Would you give the listing again exactly as written, minus its pictures?

#### MATERIAL PROVIDED:
────────────────────────────────────────

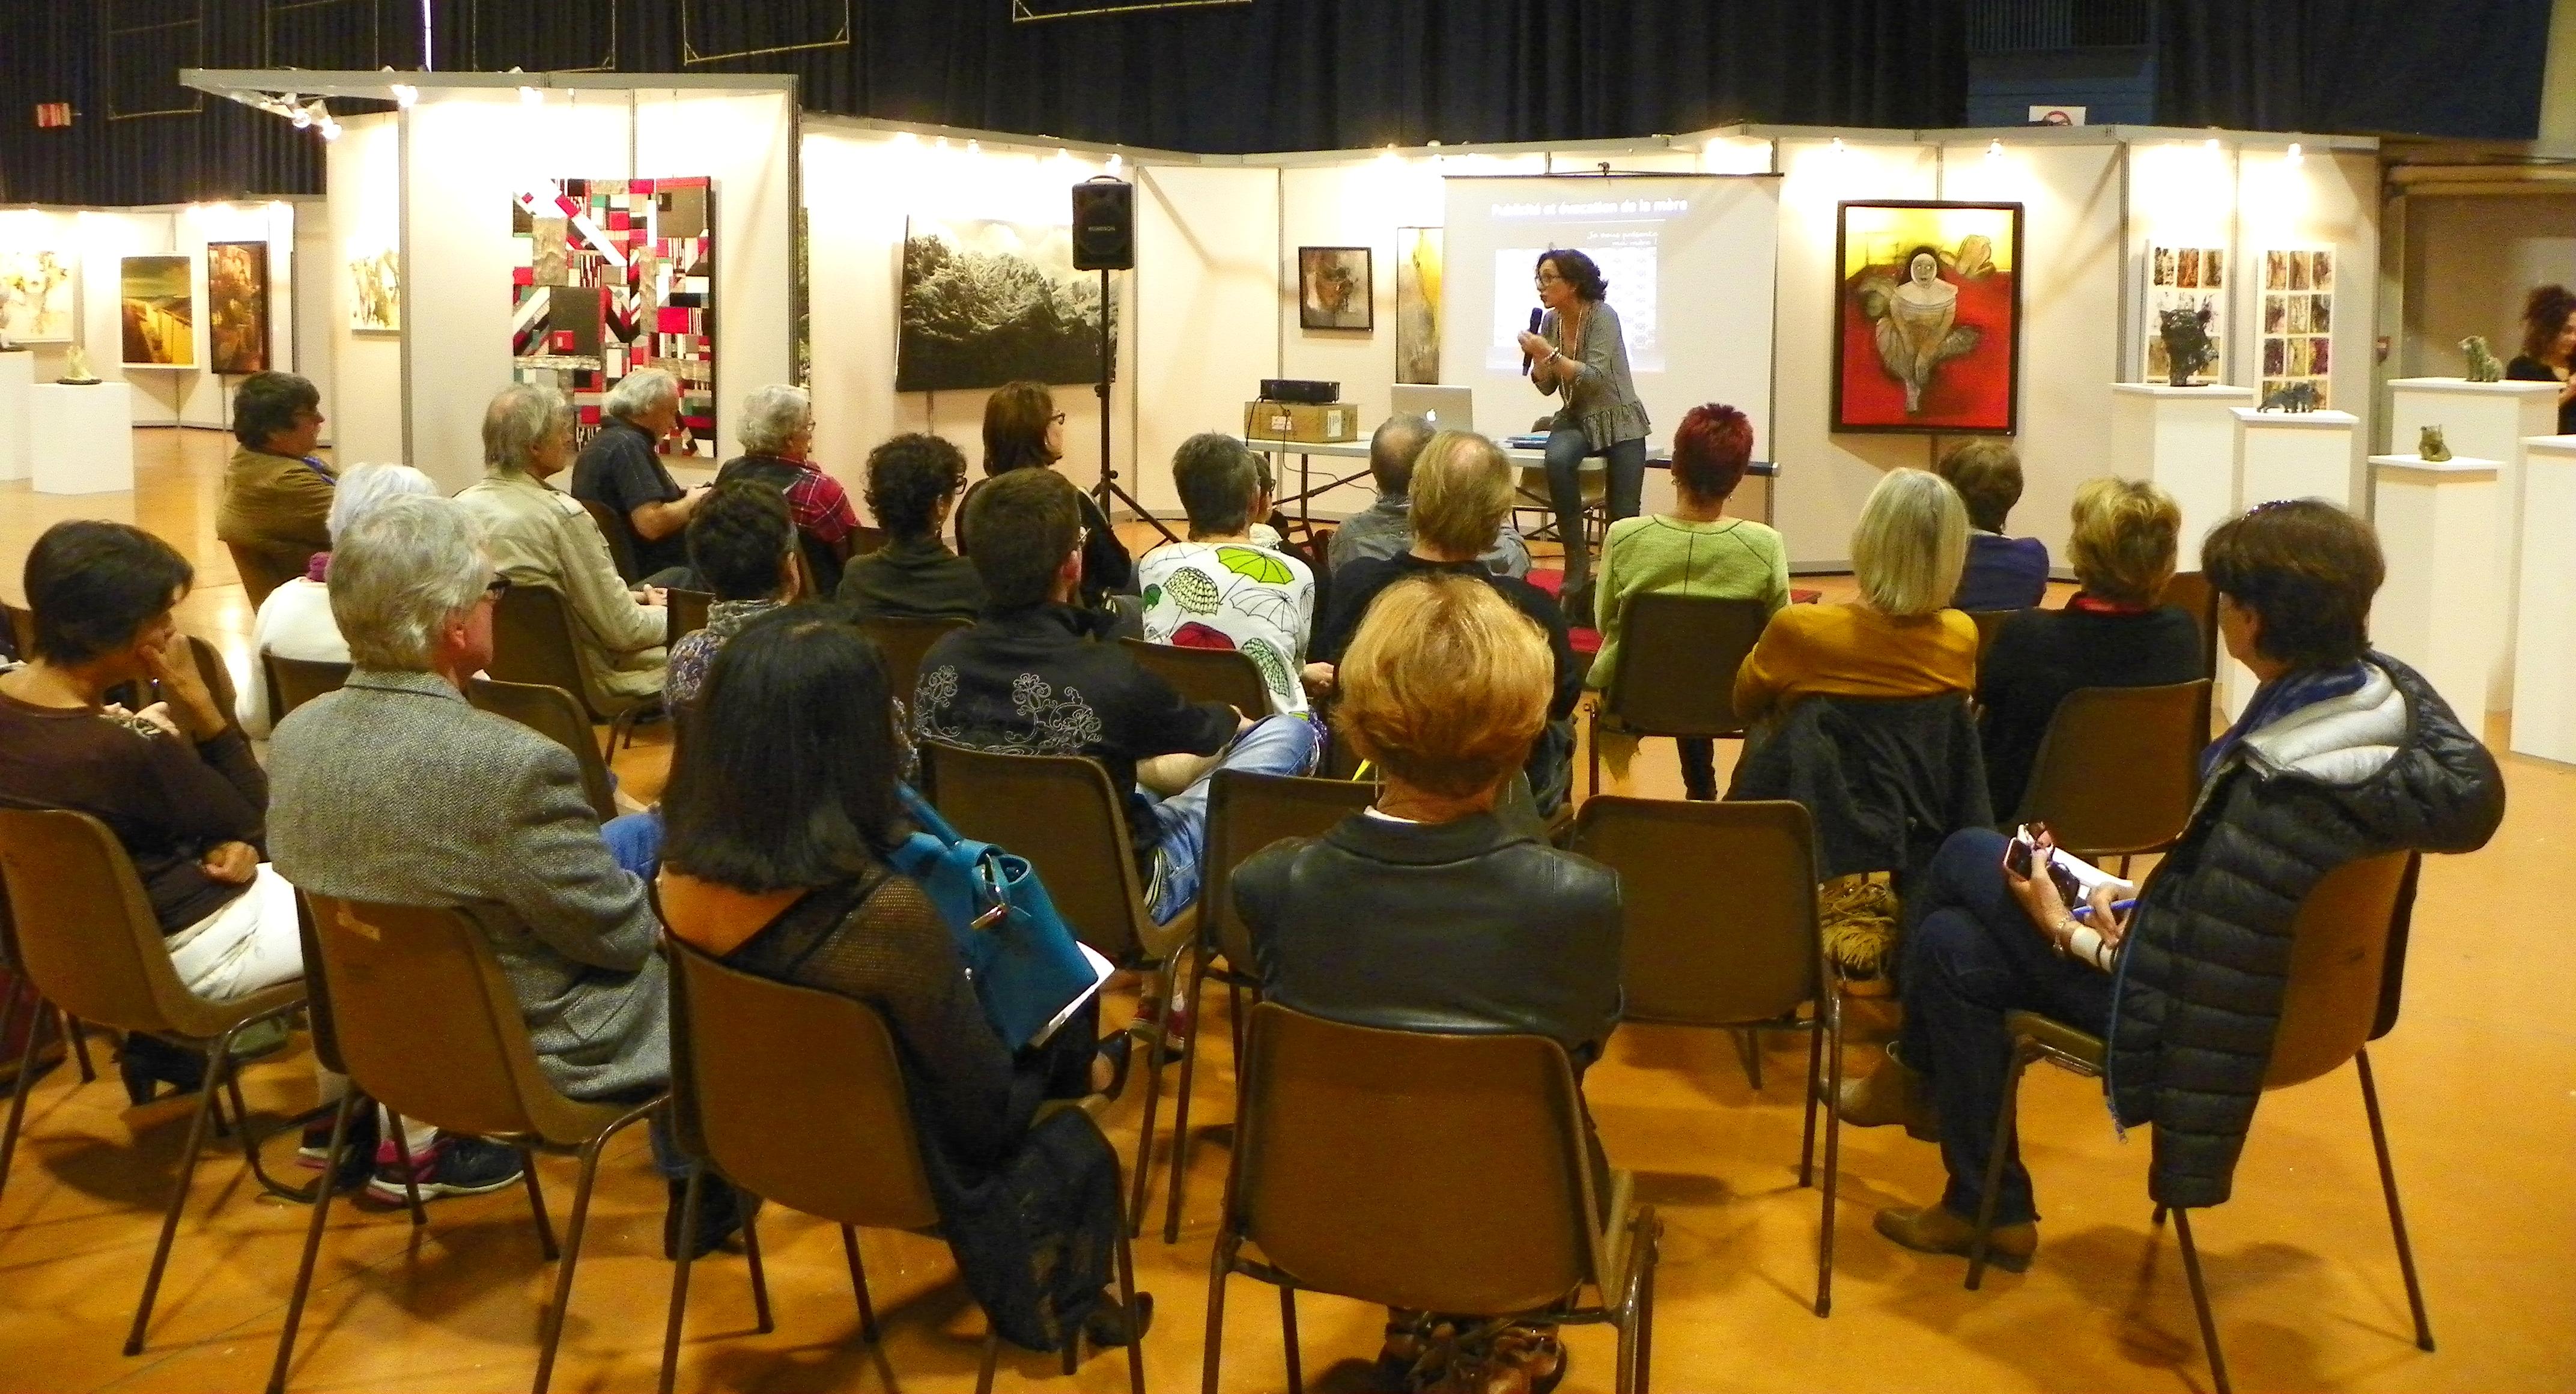 Conférence animée par Cosa Dhers 45ème salon d'automne de Colomiers
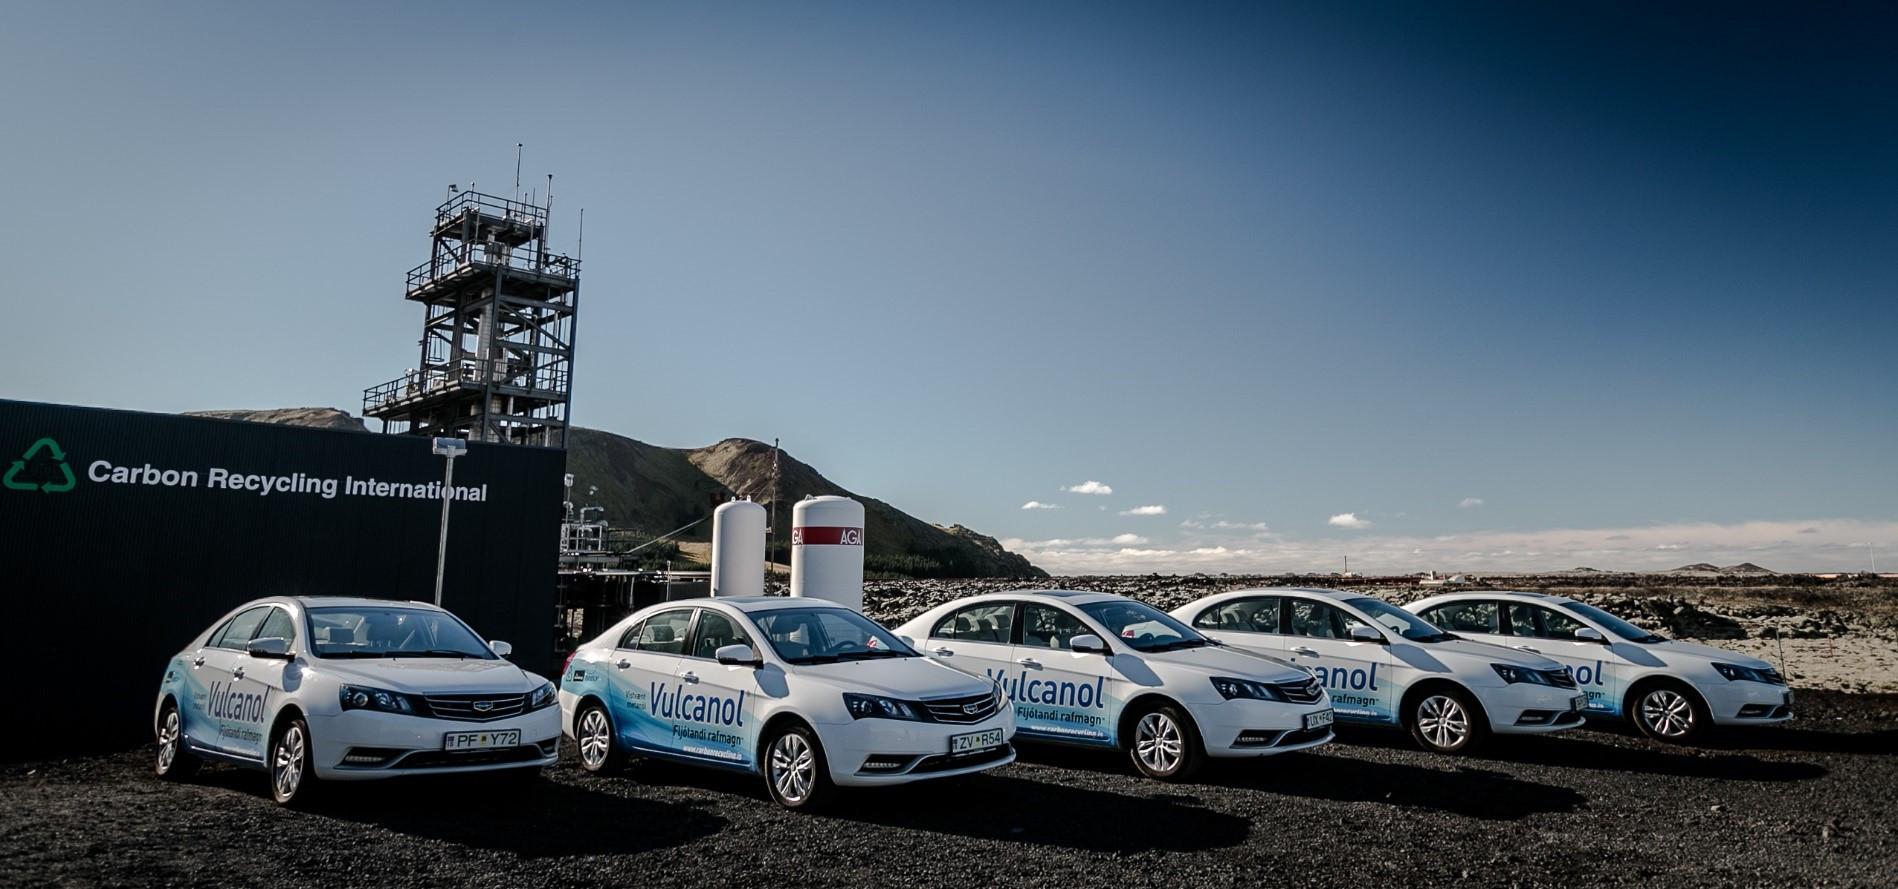 默默耕耘 吉利甲醇乘用车总运行里程达80亿公里
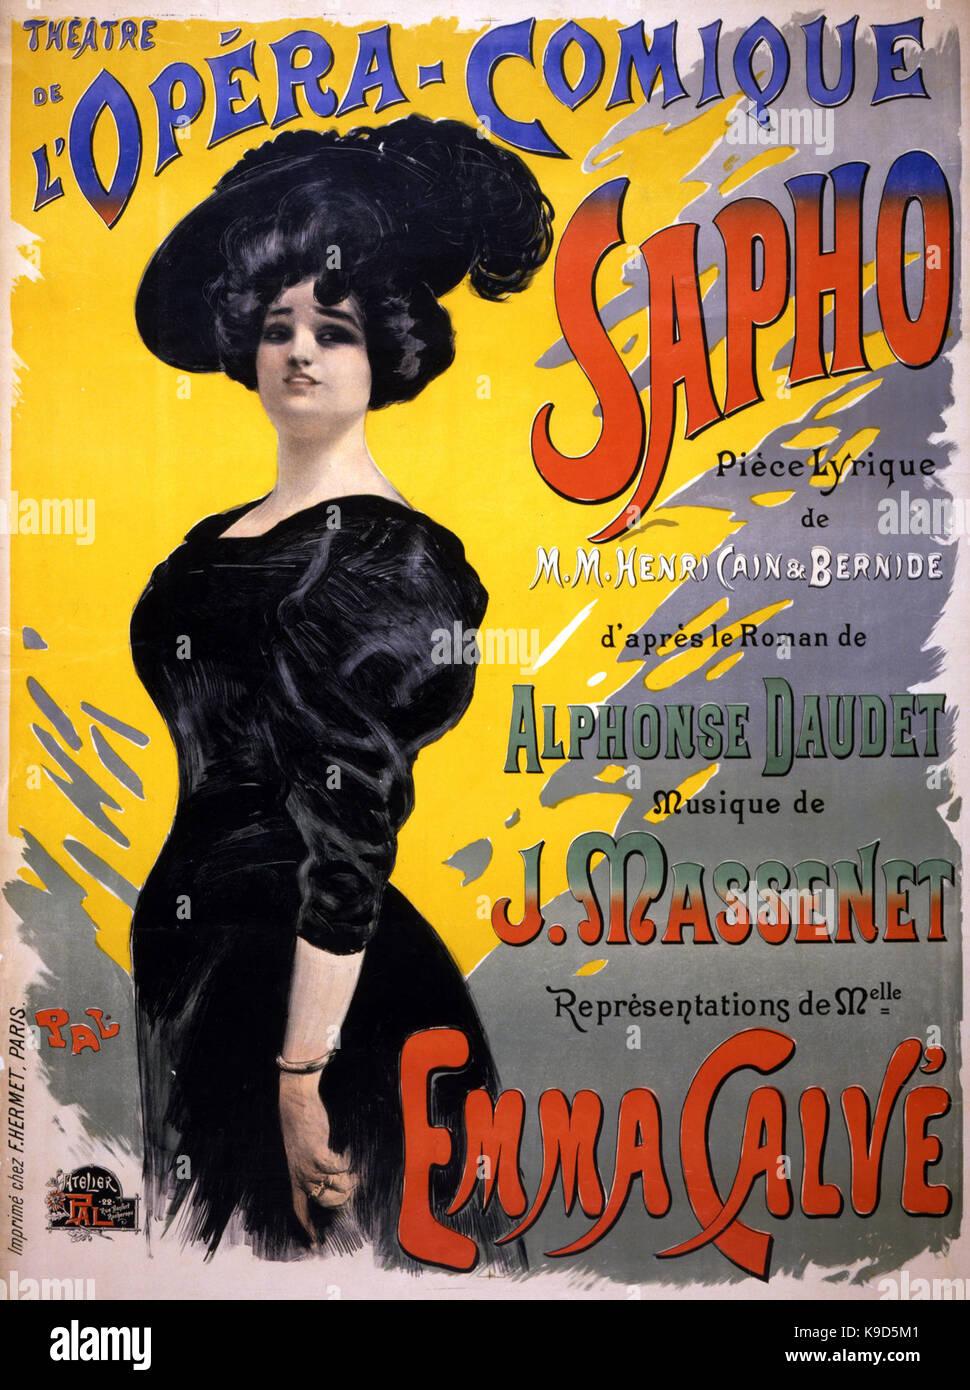 Massenet Sapho - Stock Image

────────────────────────────────────────

#### ANSWER SECTION:
 Conférence animée par Cosa Dhers 45ème salon d'automne de Colomiers
 默默耕耘 吉利甲醇乘用车总运行里程达80亿公里
 Massenet Sapho - Stock Image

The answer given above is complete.